> What needs to be done: Please leave out pictures and print exactly the lines from the one that has "observation tower, tower, platform, building, watching" through the last line of the material below.

> Given data:
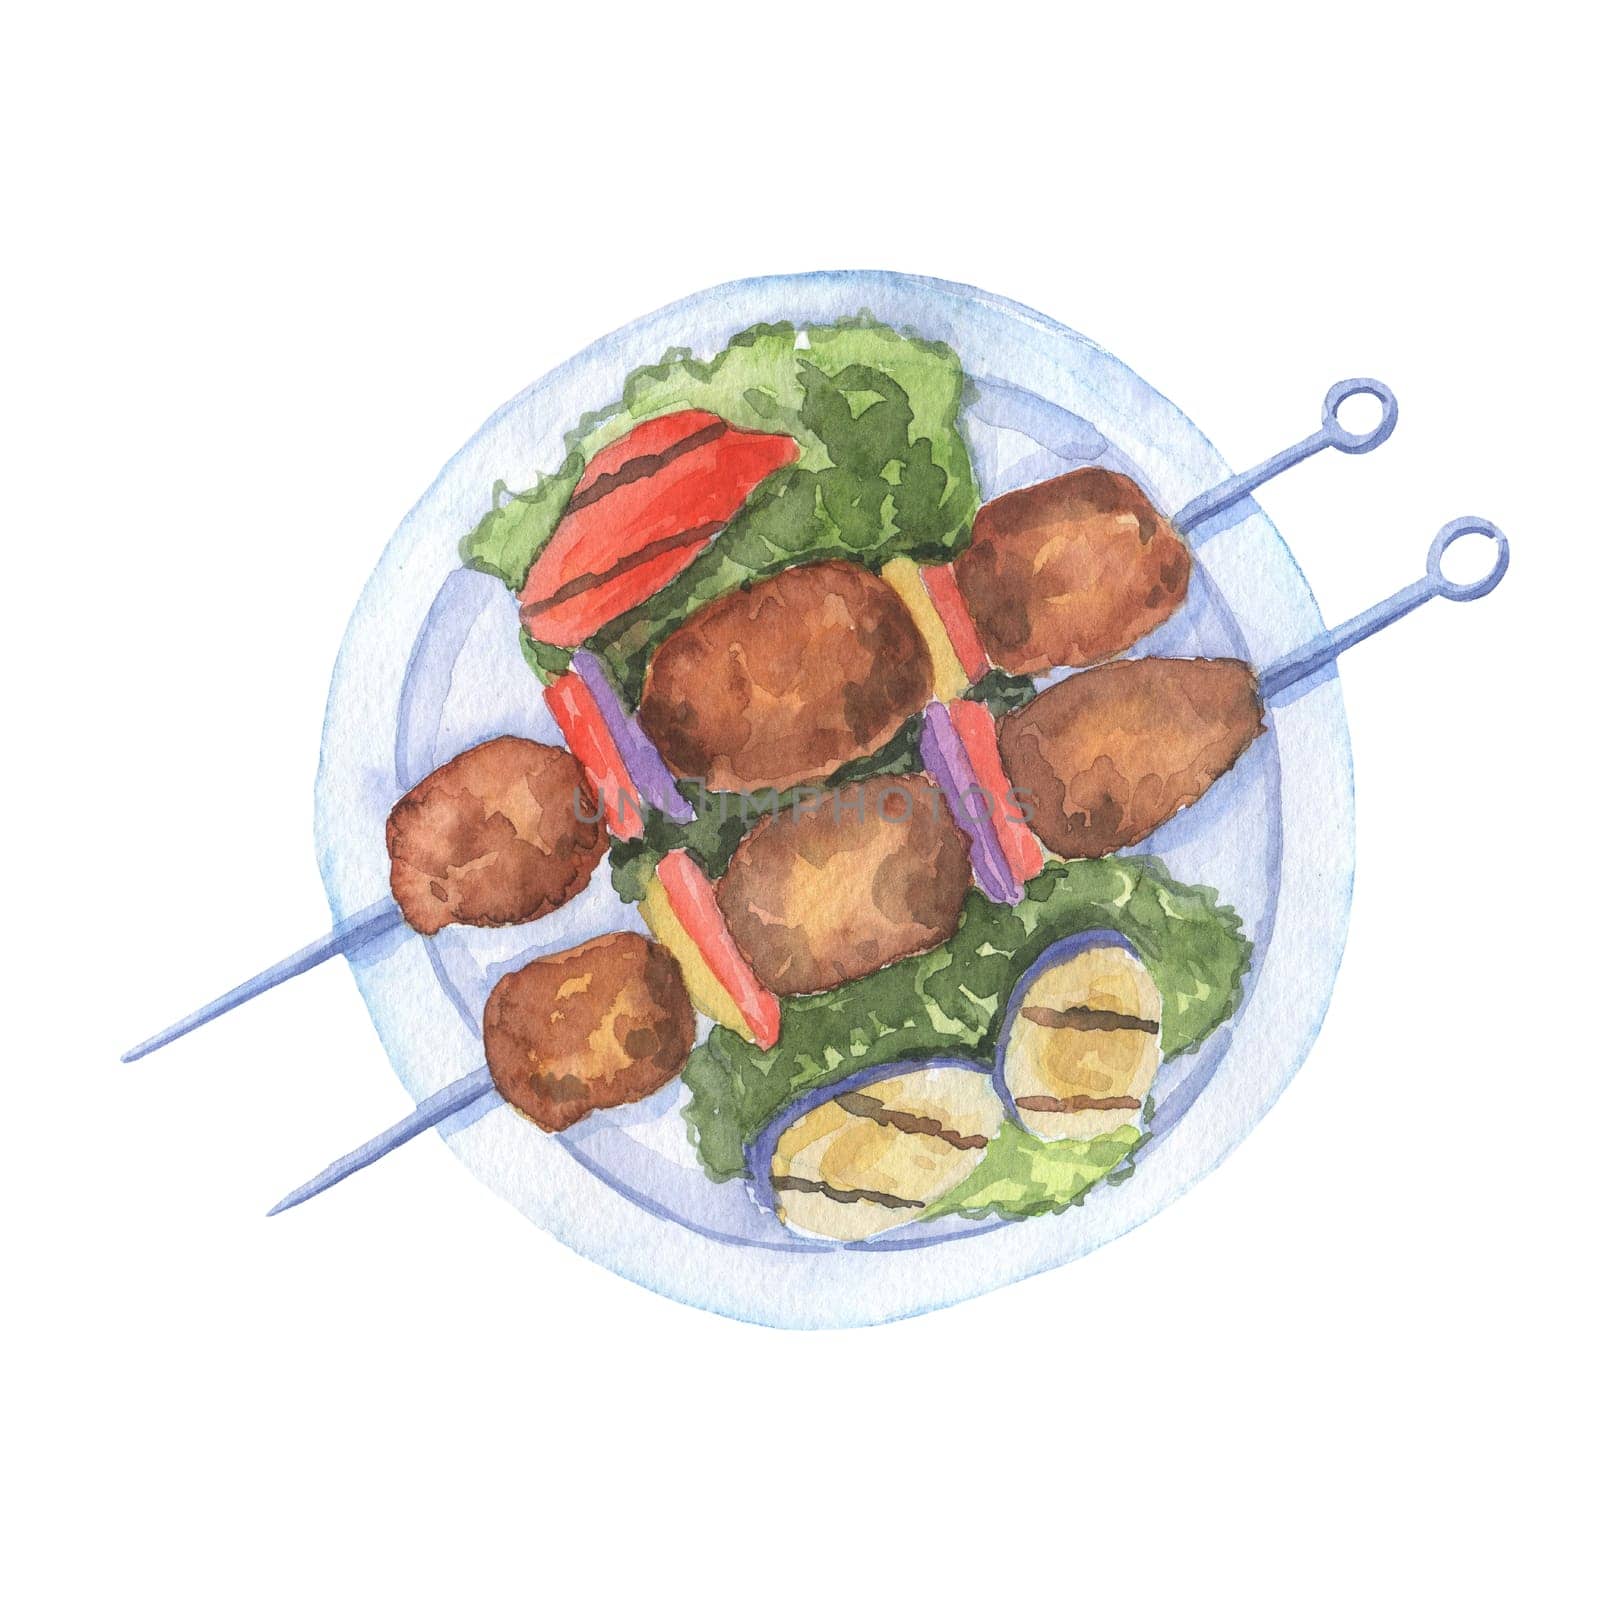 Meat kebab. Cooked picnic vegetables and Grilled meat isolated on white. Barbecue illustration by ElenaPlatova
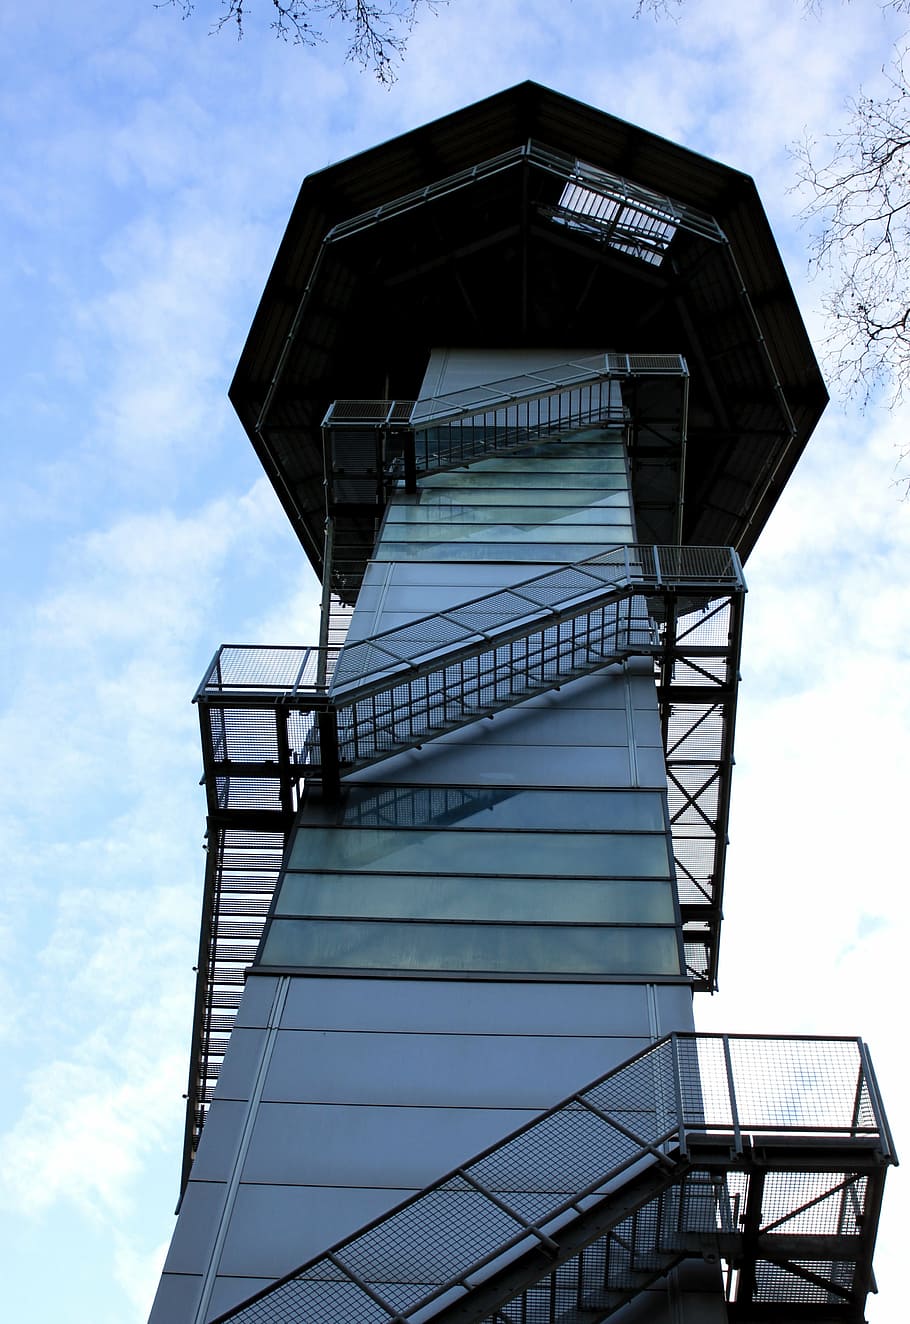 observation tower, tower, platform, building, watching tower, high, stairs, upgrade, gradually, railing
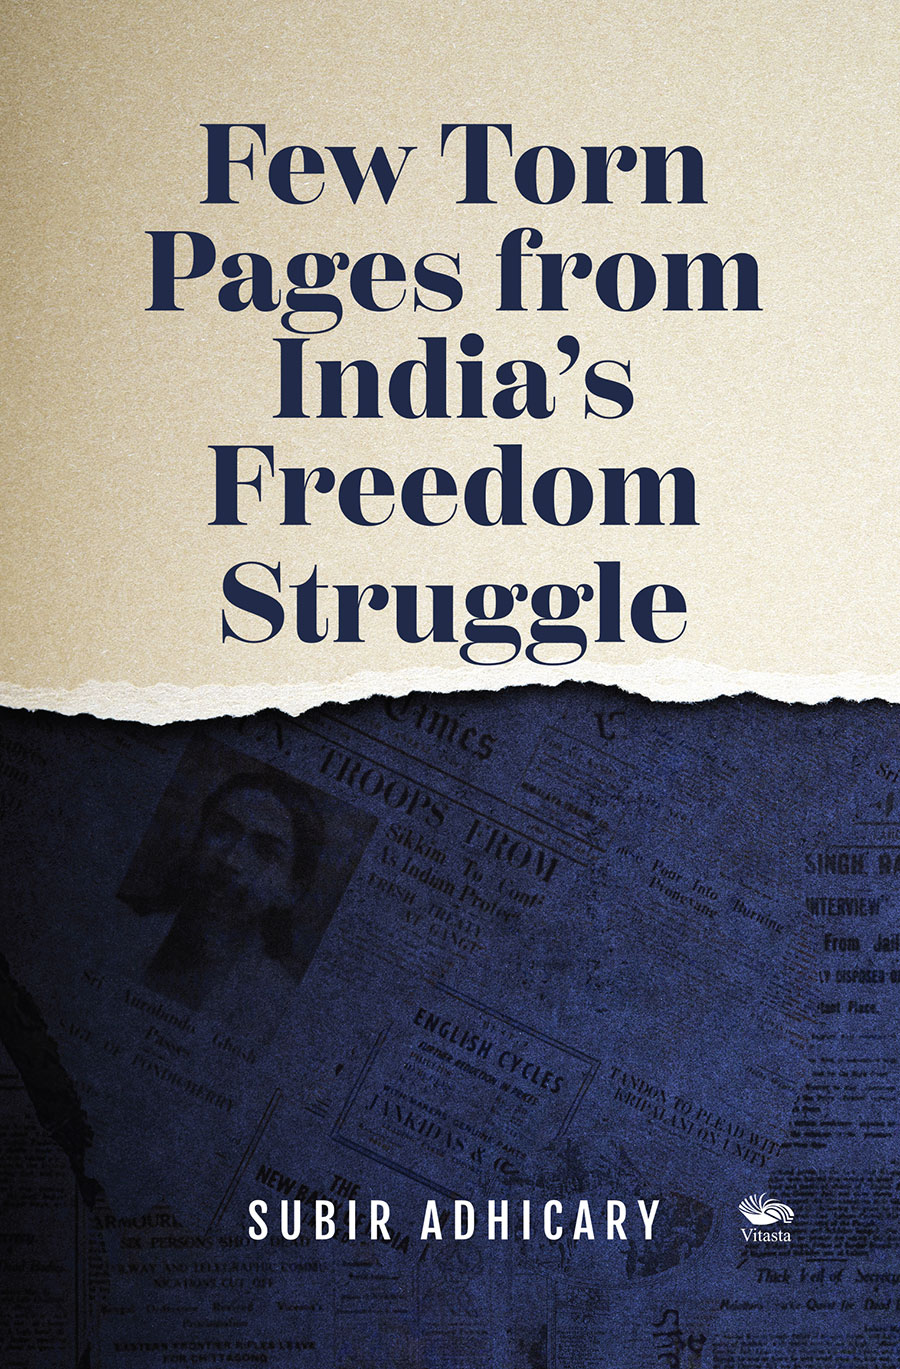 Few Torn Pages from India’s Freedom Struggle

> Expected answer:
 observation tower, tower, platform, building, watching tower, high, stairs, upgrade, gradually, railing
 Few Torn Pages from India’s Freedom Struggle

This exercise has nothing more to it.